As I mentioned in my last post I was really pressured into going there. From the start there were a lot of red flags I should’ve seen and jumped boat much sooner. But hindsight is a wonderful thing…

Here’s some background before I share my personal story:

The school had offered free tuition since it began. The belief was education should be “as free as air and water.” My freshman class was the first to ever have to pay tuition and it was a HUGE deal. When they first announced it there were sit ins in the president’s office, protests, and lawsuits. They decided with my freshman class to accept more students per major than they typically did because they assumed with tuition fewer people would accept the offer. Well they were wrong and our freshman class was HUGE comparatively. (My Calculus 1 class if you didn’t get there 10 minutes early you were not getting a seat.) Administration told the professors to fail more students because they needed to get rid of 10 students out of the 30 in each major by the end of the first year. Some professors believed they shouldn’t need to teach these “extra students” in each class.

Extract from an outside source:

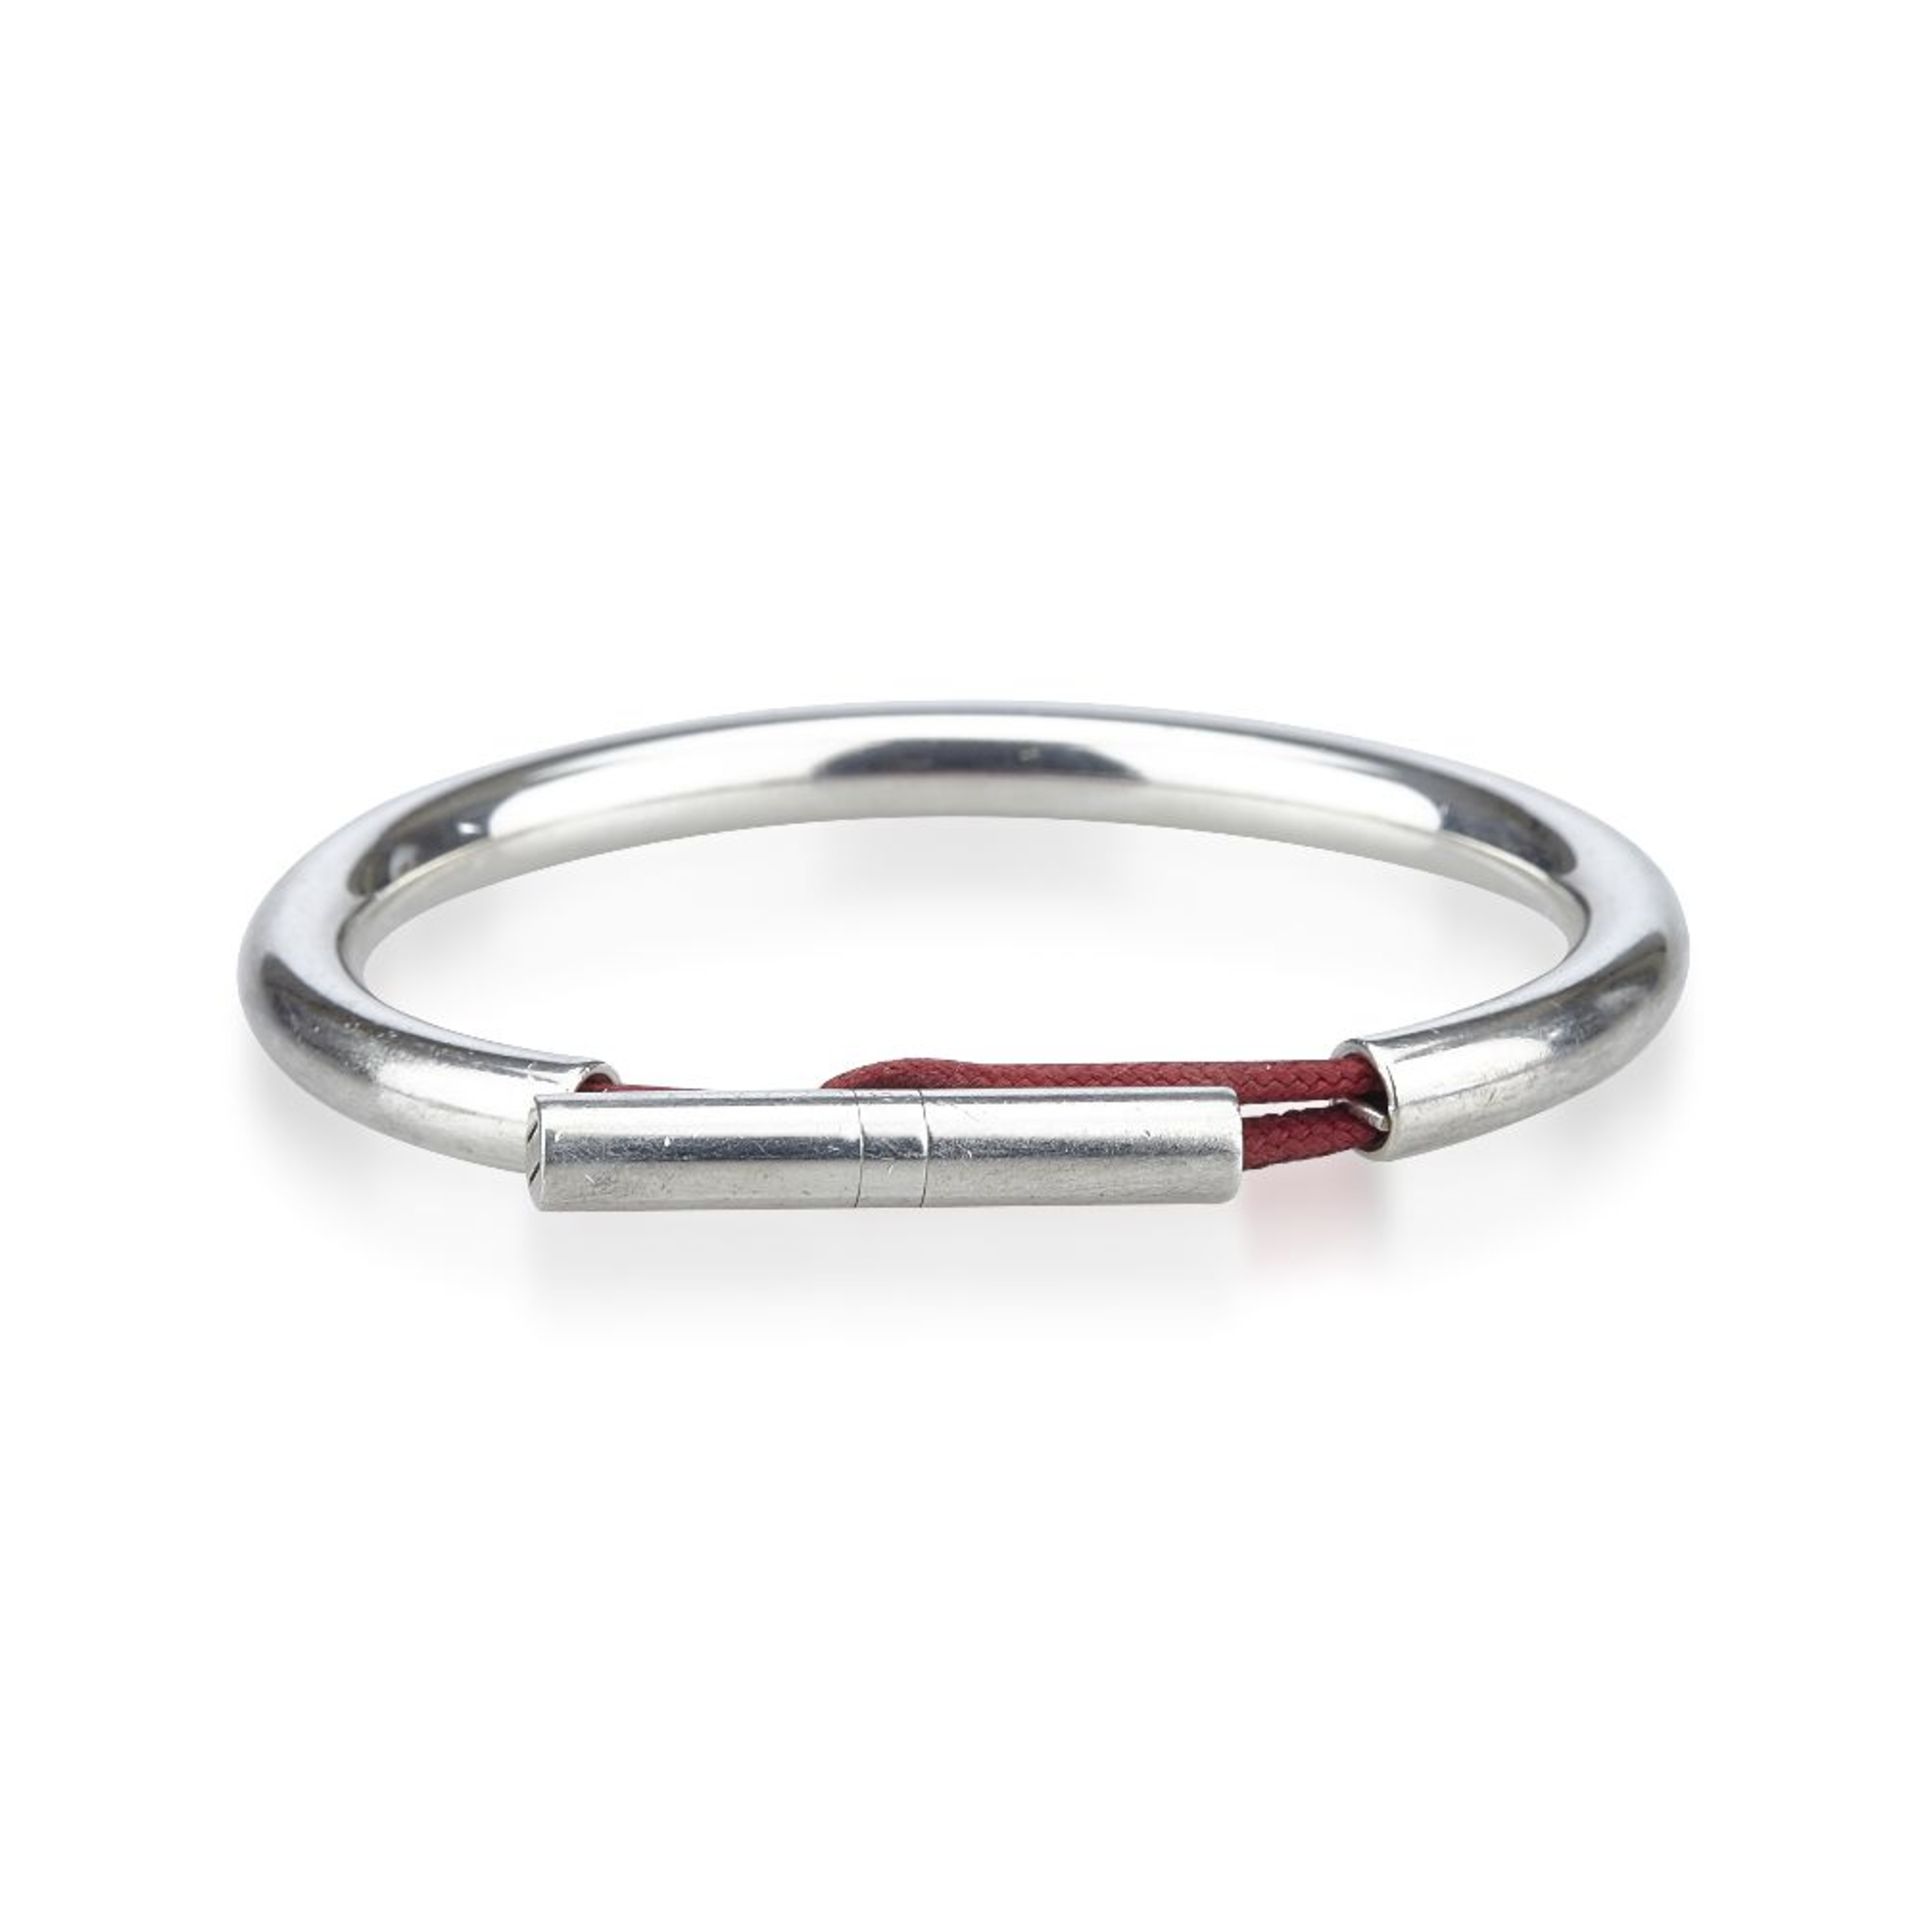 An Hermès 'Skipper' bracelet,featuring a silver and chemical fibre body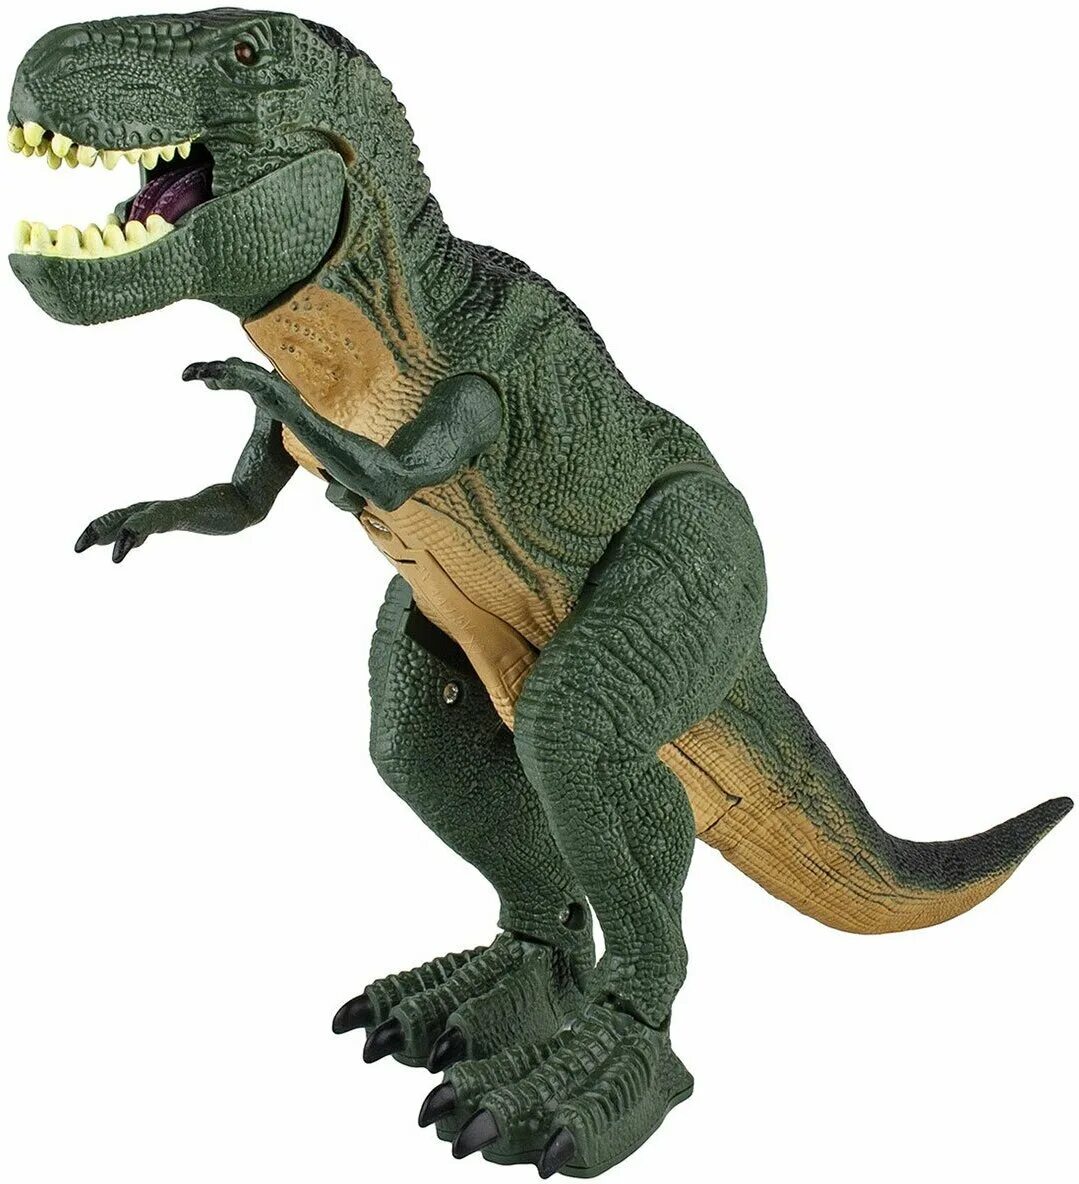 Динозавр Тирекс игрушка. Тираннозавр рекс игрушка интерактивная. Игрушка динозавр Тиранозавр. Динозавр Тирекс игрушка большая.

When we were accepting our admission we were told no AP credits would be taken. Our first 2 weeks there they kept going back and forth and finally decided they’d take some AP credits but there would be stipulations for each one. Chemistry you just got out of taking General Chemistry. You couldn’t however get credit for Calculus I without having taken Calculus BC and obtaining a 4 or 5 and then passing a placement test. Physics was similar to how Calculus was. Most kids who took Calculus BC still couldn’t pass the placement test and wound back up in Calculus I. My high school only offered up to Calculus AB so I wound up in Calculus I with people way ahead of me. (Not to mention that Calculus I there covered topics typically taught in Calculus II at other schools.)

I had the same professor for Calculus I and Linear Algebra my first semester. He wasn’t a great professor to begin with. He assumed because he understood it everyone else did. When I would go to office hours he would take everyone else’s questions and when he got to me he would say he had to go. He told me girls don’t belong in engineering. He said if I failed one of my classes with him he would fail me in both. He even went on to say that he looked at my record and I was only accepted because I met multiple categories for their admission statistics by being a “white, Roman Catholic, female” and this was the reason “they don’t typically accept students from high schools like mine.”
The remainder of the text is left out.